Yıldız betonte, dass es in der Archäologie nicht auf Schnelligkeit, sondern auf die korrekte Bergung des Artefakts ankomme und das Wesentliche der Schutz des Artefakts sei: "Es kann vorkommen, dass Schatzsucher antike Städte betreten oder während der periodischen Ausgrabungsprozesse das Gelände beschädigen. In solchen Fällen sagen wir, wenn wir das Artefakt nicht schützen können, ist es besser, wenn es unter der Erde bleibt; manchmal denken wir, ob die beste Schutzmethode vielleicht darin besteht, es gar nicht erst auszugraben."

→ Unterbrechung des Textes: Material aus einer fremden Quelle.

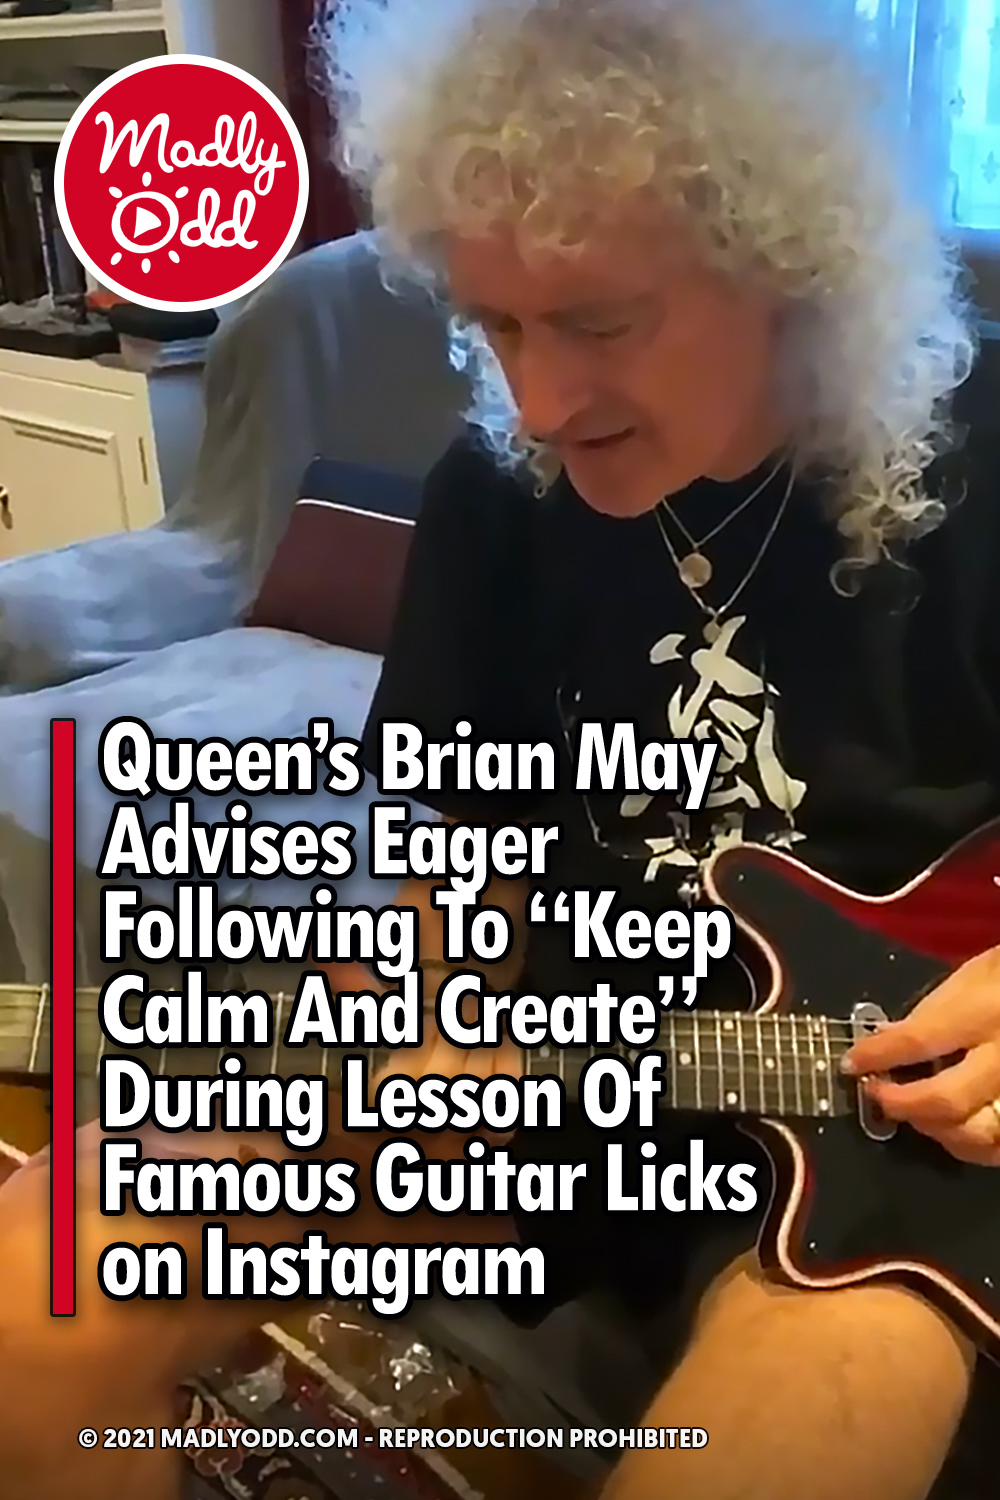 Queen\'s Brian May Advises Eager Following To “Keep Calm And Create” During Lesson Of Famous Guitar Licks on Instagram
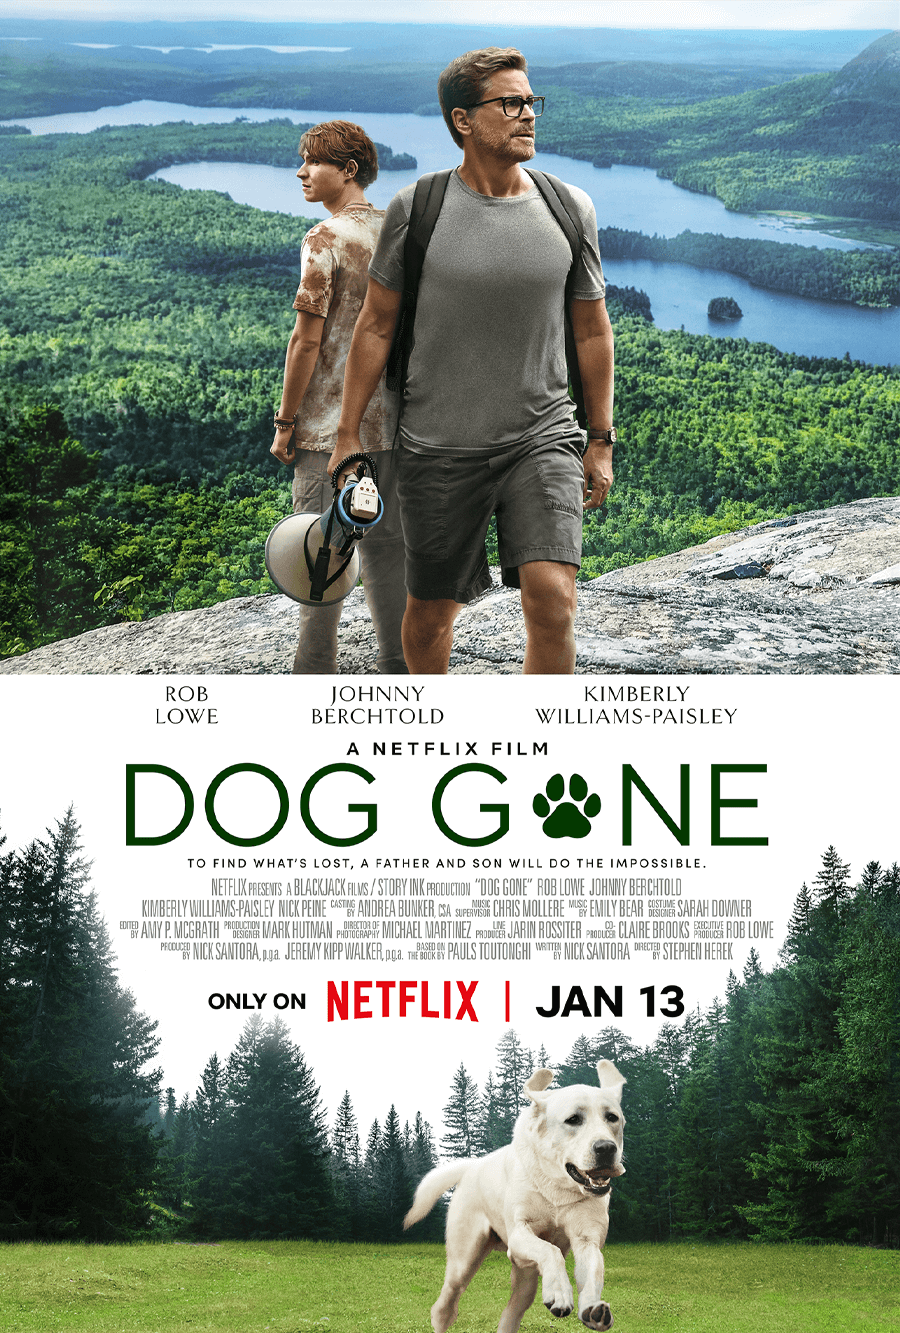 dog gone netflix movie coming to netflix in january 2023 poster

"ICH KANN NICHT SAGEN, DASS ES PASSIERT IST ODER NICHT"
Auf die Frage, ob Archäologen Schatzsuchern helfen, antwortete Yıldız: "Ich habe es persönlich nicht erlebt, aber ich kann nicht sagen, dass es passiert ist oder nicht."
BUDGETPROBLEM IN DER ARCHÄOLOGIE
Auf die Frage, ob die Budgets für archäologische Ausgrabungen ausreichen, sagte Yıldız:
"Die Kultur ist immer das Erste, worauf verzichtet wird. Das Budget, das dem Ministerium für Kultur und Tourismus zugewiesen wird, ist immer das geringste. Die wissenschaftlichen archäologischen Ausgrabungen der Universitäten werden durch das Ministerium finanziert, aber dieses zugewiesene Budget ist leider nicht ausreichend."
WIR HABEN EINEN SCHATZSUCHER GEFRAGT
Ein Schatzsucher, der auf YouTube veröffentlicht, gab an, dass die Ausrüstung derjenigen, die unerlaubt nach Schätzen suchen, beschlagnahmt wird und sie ein Gerichtsverfahren durchlaufen. Der Schatzsucher sagte: "Ich weiß, dass Personen, die beim Verkauf von Objekten mit historischem Wert erwischt werden, eher in Untersuchungshaft genommen werden, als wenn sie nur illegal graben."
Detektorverkäufer gaben an, dass die Schatzsuch-Videos in den sozialen Medien keinen Einfluss auf ihre Verkäufe hätten und sie jedes Jahr in bestimmten Abständen Zuwächse von 5 bis 10 Prozent verzeichneten.
AUCH DIESES JAHR DEN GERINGSTEN ANTEIL AM BUDGET ERHALTEN
Als Ergebnis der Beratungen im Plan- und Haushaltsausschuss für das Jahr 2024 wurde das Budget des Ministeriums für Kultur und Tourismus auf 38 Milliarden 964 Millionen 106 Tausend Lira festgelegt und blieb damit hinter dem Präsidium für Religionsangelegenheiten (Diyanet) zurück.